By combining the above, the scheme provides the following innovation points:
(1) Acquiring a key area text of a form by a bidirectional index positioning method, and realizing the association with form main body information, wherein on one hand, identification features are provided for the fusion of the follow-up form, and on the other hand, the unified comparison standard of the fused form is ensured; (2) Providing two methods for extracting topic information of the form, and identifying rules and entities; (3) Providing a multi-source heterogeneous table with different table titles and a two-dimensional table structure to be stored in a database by taking parameters such as topic information, position information and the like of the table as characteristic identifiers; (4) Providing the multi-source heterogeneous table data which are fused by table position information, key region similarity, table head and/or first column similarity, file name similarity and the like of the table data and storing the multi-source heterogeneous table data into a database; (5) The standardization and unification of the indexes are realized by using a standard index library and index similarity, and the quick retrieval and the comparative analysis of the indexes are supported; (6) And an automatic framework for realizing the recycling, the asset and the value of the fused table data in the multi-source heterogeneous PDF document is provided.
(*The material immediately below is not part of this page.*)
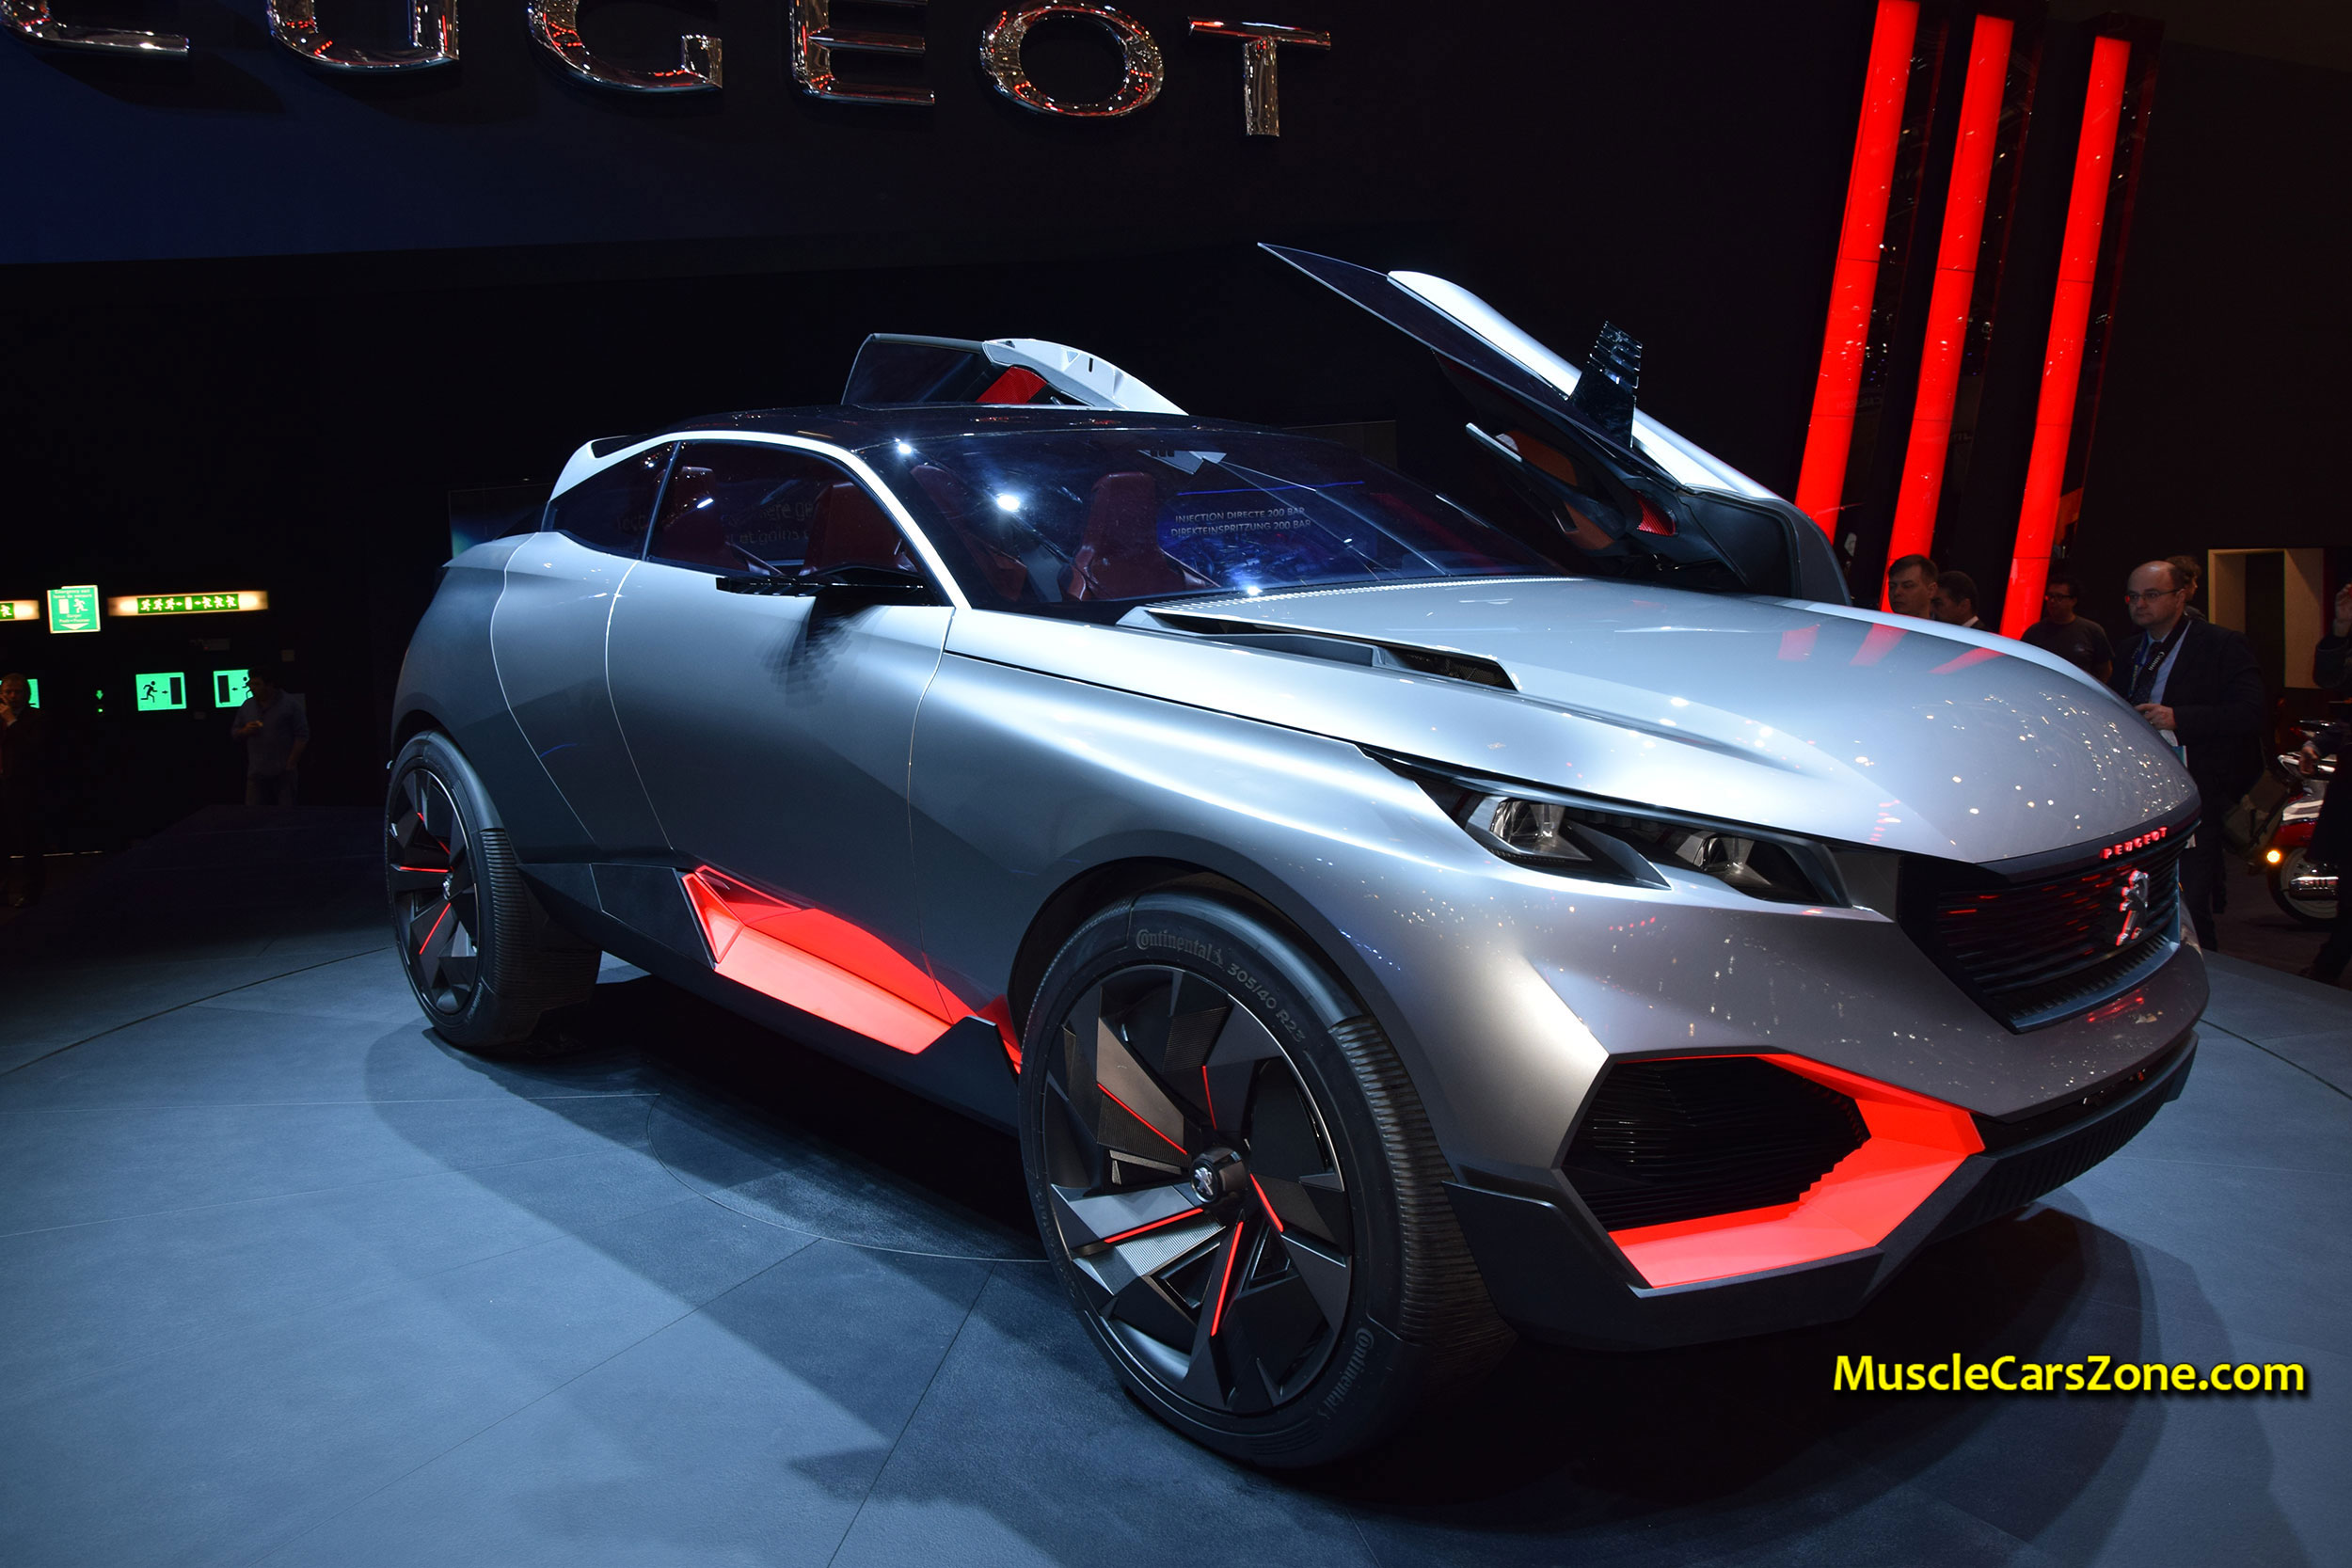 2015 peugeot quartz suv concept futuristic car 05 2015 geneva motor show muscle cars zone. Black Bedroom Furniture Sets. Home Design Ideas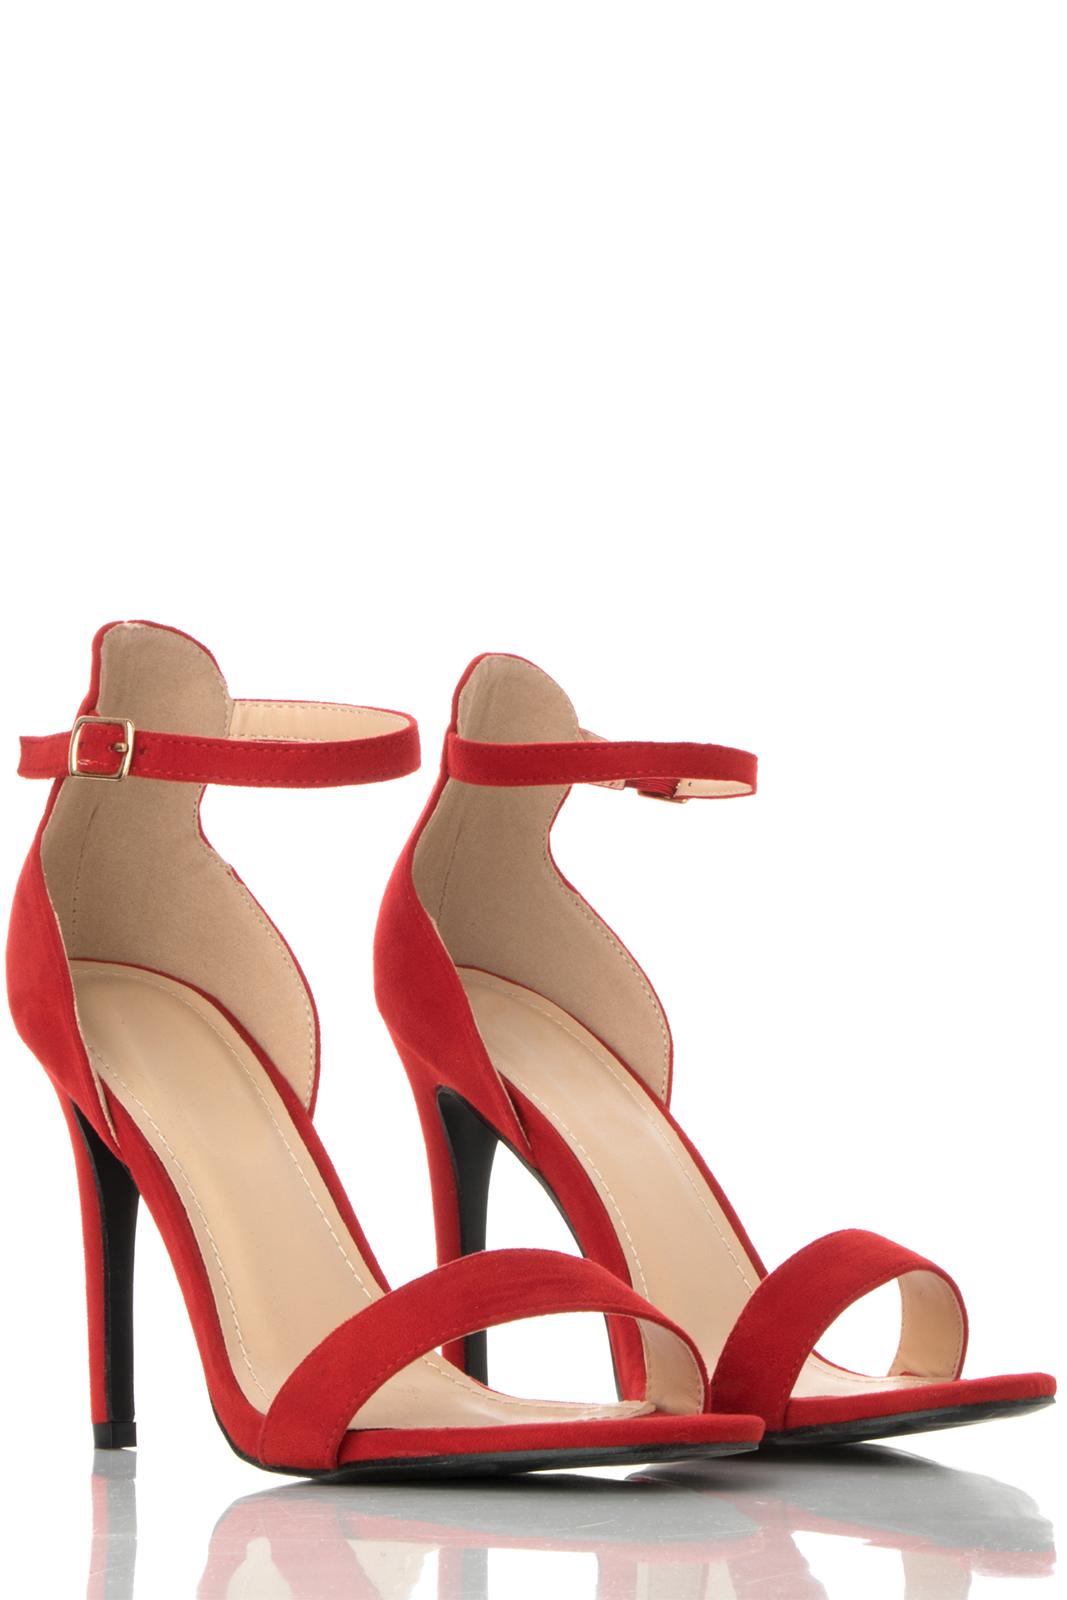 321e12f403f online αγορές 1 γυναικεία παπούτσια γόβες πέδιλα ψηλά

In summary, the method acquires the position of an initial table in a text list through bidirectional index positioning, extracts the text of a key area of the table in combination with the experience parameters of the key area of the table, formulates extraction rules or entity recognition model algorithms of the table title, the measurement unit and the currency unit, stores the analyzed and converted table in PDF documents of a plurality of sources into a database in a structure form of a two-dimensional list according to the attribute, the position information, the subject information and the main body data, realizes the association and matching of the subject information and the main body information of the table, fuses the heterogeneous standard tables of the plurality of sources according to the parameters such as the subject information and the position information of the table as identification characteristics, fuses the abnormal table according to the position information of the table, the similarity of the key area, the table head and/or the first similarity of the table data and the similarity of the file name, and stores the two-dimensional table structure into the database to support rapid retrieval and comparison analysis.
Corresponding to the above-mentioned method for processing the table data fusion for the PDF document, an embodiment of the present disclosure further provides a device for processing the table data fusion for the PDF document, as shown in fig. 7, where the device may include:
the parsing unit 702 is configured to parse the PDF documents to obtain a plurality of initial tables and a plurality of pages of text contents contained in each PDF document.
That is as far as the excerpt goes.